To do: Repeat exactly the lines below that lie between the line with "119-123 Kent Avenue, rendering" and the line with "1999 ford F250 Brake Lights Wiring Diagram 2001", counting both of those lines as part of the answer.

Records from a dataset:
+++

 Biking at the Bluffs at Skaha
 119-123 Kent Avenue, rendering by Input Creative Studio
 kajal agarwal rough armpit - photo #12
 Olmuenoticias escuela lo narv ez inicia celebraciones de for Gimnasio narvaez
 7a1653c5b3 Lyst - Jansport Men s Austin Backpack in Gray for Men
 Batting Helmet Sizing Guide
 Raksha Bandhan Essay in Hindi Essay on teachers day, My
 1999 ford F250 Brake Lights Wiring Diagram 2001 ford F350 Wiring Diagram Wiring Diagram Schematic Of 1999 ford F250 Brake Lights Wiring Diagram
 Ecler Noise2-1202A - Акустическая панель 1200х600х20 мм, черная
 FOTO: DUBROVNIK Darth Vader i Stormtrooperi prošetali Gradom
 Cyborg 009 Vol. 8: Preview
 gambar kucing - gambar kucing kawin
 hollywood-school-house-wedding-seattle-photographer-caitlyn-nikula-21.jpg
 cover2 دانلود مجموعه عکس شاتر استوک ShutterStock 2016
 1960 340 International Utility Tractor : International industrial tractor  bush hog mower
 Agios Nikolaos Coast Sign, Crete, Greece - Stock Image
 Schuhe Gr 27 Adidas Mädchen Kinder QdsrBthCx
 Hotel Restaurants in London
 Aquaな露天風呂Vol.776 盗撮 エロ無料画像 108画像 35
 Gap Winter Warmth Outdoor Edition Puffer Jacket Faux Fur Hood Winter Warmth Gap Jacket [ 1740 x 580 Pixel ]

+++

The completed task:
 119-123 Kent Avenue, rendering by Input Creative Studio
 kajal agarwal rough armpit - photo #12
 Olmuenoticias escuela lo narv ez inicia celebraciones de for Gimnasio narvaez
 7a1653c5b3 Lyst - Jansport Men s Austin Backpack in Gray for Men
 Batting Helmet Sizing Guide
 Raksha Bandhan Essay in Hindi Essay on teachers day, My
 1999 ford F250 Brake Lights Wiring Diagram 2001 ford F350 Wiring Diagram Wiring Diagram Schematic Of 1999 ford F250 Brake Lights Wiring Diagram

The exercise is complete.